A few years ago, some companies like Stoke and Bridgeport Networks emerged with a noble vision: Create a super phone network technology that lets you move seamlessly back and forth from your home WiFi connection to the cellular network outside. That way, you’d use the strongest and least expensive network available to you at the time.
While the vision has partly been realized — there are phone plans that let you do this — the sector has been encumbered by consumers unable to figure out the confusing technology, and carriers who who aren’t aggressively pushing or explaining it very well.

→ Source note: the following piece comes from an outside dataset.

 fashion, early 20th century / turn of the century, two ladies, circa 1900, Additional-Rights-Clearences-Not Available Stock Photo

Still, Stoke, one of the players leading the charge, is hanging on to its mission, and has raised $5 million more from DOCOMO Capital, a firm affiliated with one Japan’s largest network carrier, and Mobile Internet Capital. This extends the company’s fourth round of funding to $20 million (earlier this year, a number of other investors, including Kleiner Perkins and Sequoia Capital, invested $15 million).

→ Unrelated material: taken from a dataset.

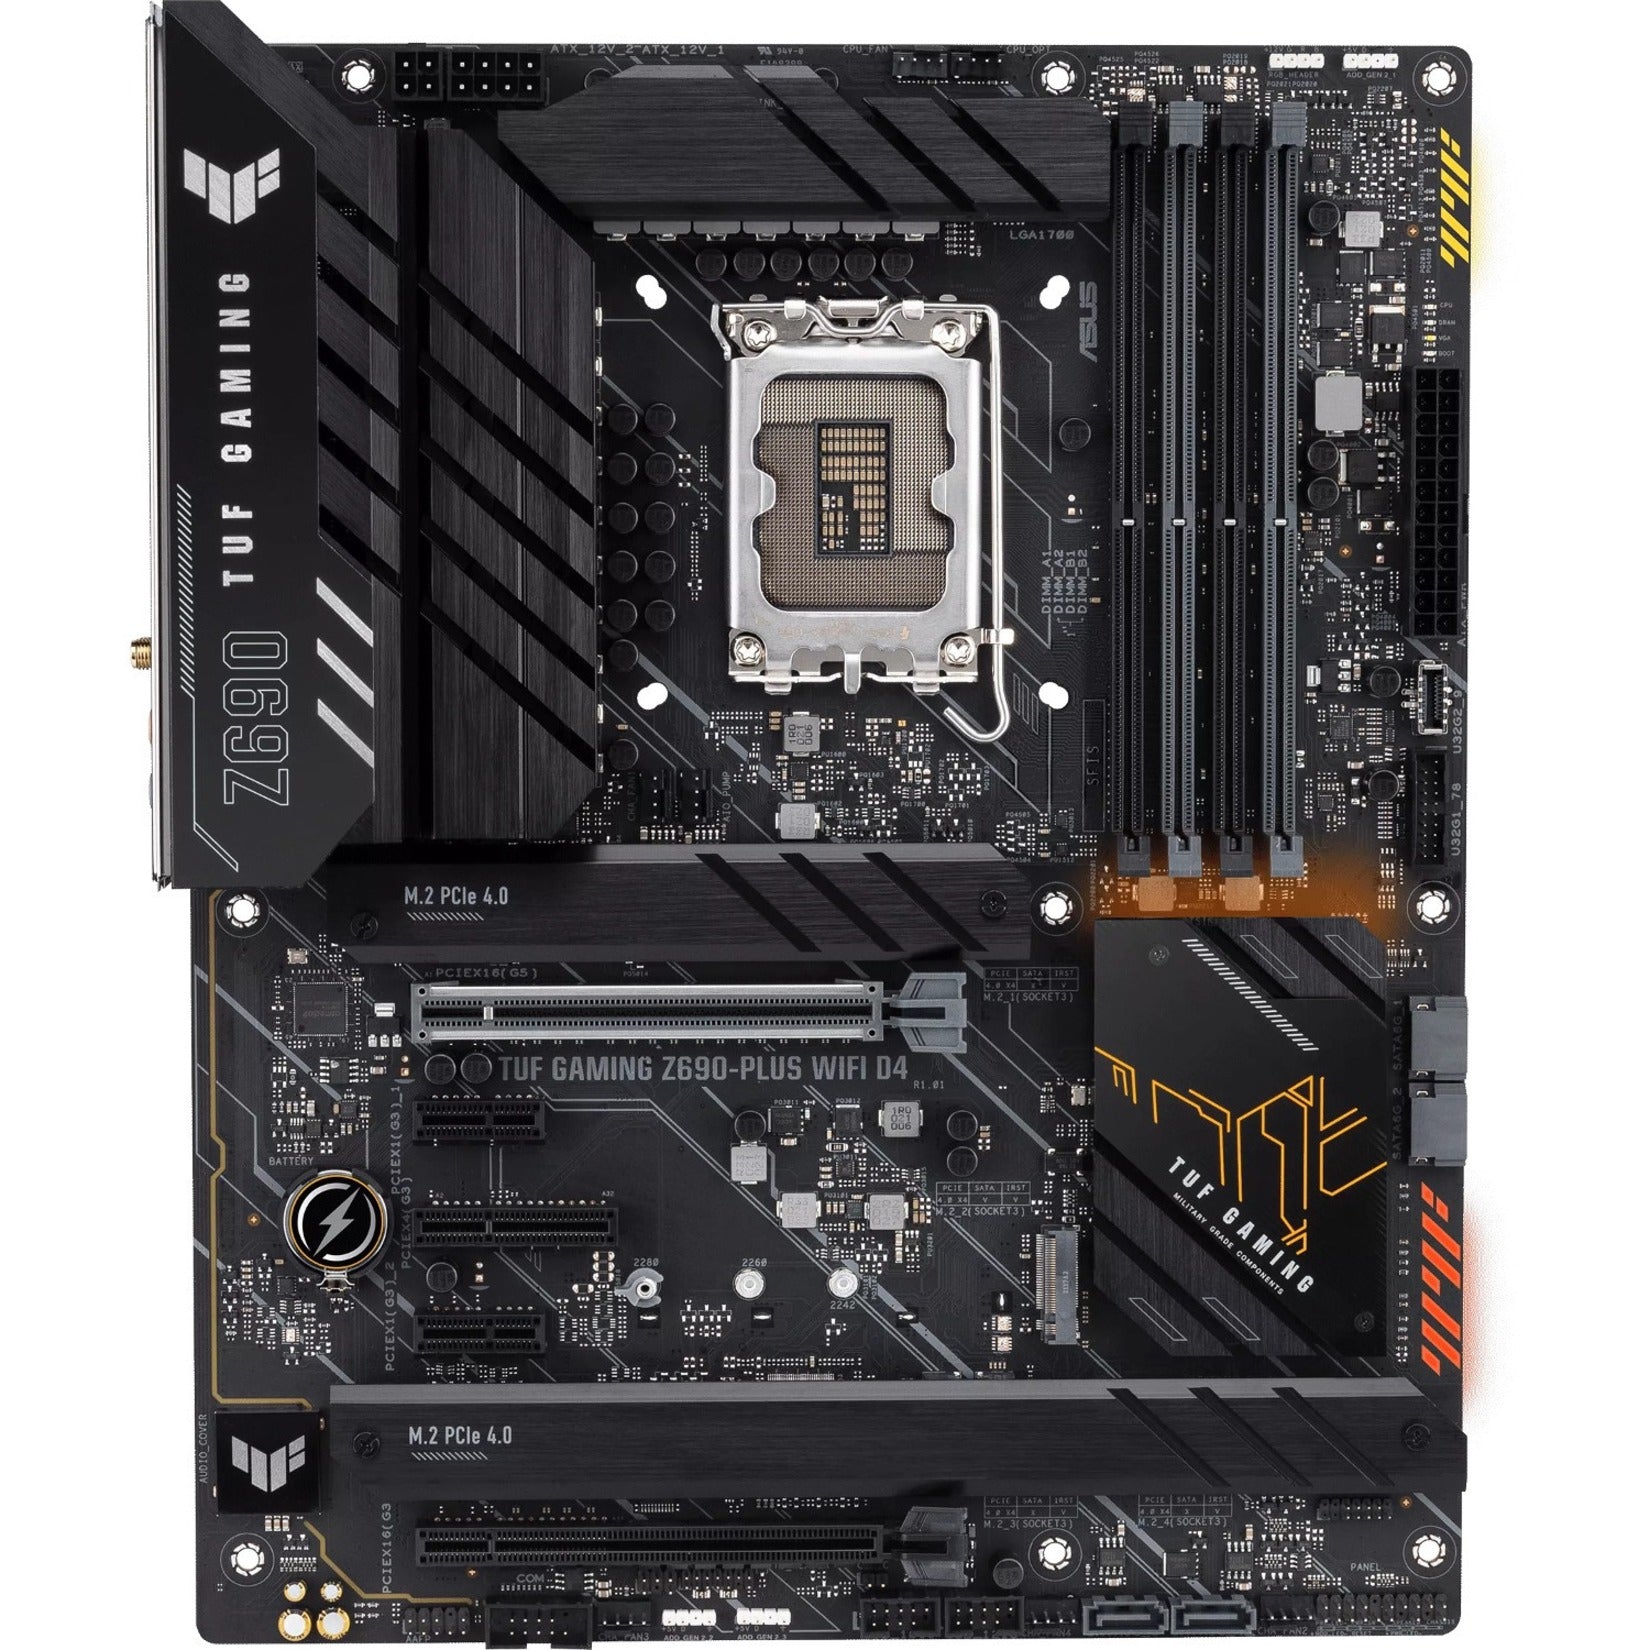 ASUS TUF GAMING Z690-PLUS WiFi D4 Desktop Motherboard TUF GAMING Z690-PLUS WIFI D4, Military-Grade Components, Game-Ready Features, 12th Gen Intel Core Processor Support

Soon after Stoke launched two years ago, the company’s VP of marketing Keith Higgins was telling me that the carriers were stalling in upgrading their technology, and he sounded frustrated. No wonder that he soon left the company.
Basically, WiFi/WAN roaming never quite took off quite the way some people expected, and it’s unclear whether the it will ever be substantial. But Stoke is still around, and striking deals. As people use mobile devices for more data-intensive applications, i.e, YouTube, Slingbox, it make sense for operators to want to let, or even push, their customers onto WiFi or femtocell technology in order to conserve costs. However, at the same time, they don’t want to lose their customers to other providers, and so want to control the process. Another problem is that femtocell technology is more costly to manage than some initially thought. However, the fixed-wireless convergence movement does continue: Vikash Varma, chief executive officer at Stoke, said earlier this year that 2009 would be the year when carriers moved “to reduce the cost per bit of mobile data and off-load internet bound traffic as quickly as possible to allow them to support the surge in demand.”
Stoke has now raised a total of $70 million. Other investors include DAG Ventures, Integral Capital Partners, Net One Systems, Pilot House Ventures and Reliance Technology Ventures.
The company said the most recent funding will be used to support Stoke’s commercial deployments in Asia Pacific, of which Japan is the most advanced, and the imminent launch of new 3G “offload” capabilities for the Western European market. In June Stoke announced it had been selected to supply NTT DOCOMO with its advanced mobile broadband gateways for commercial deployment.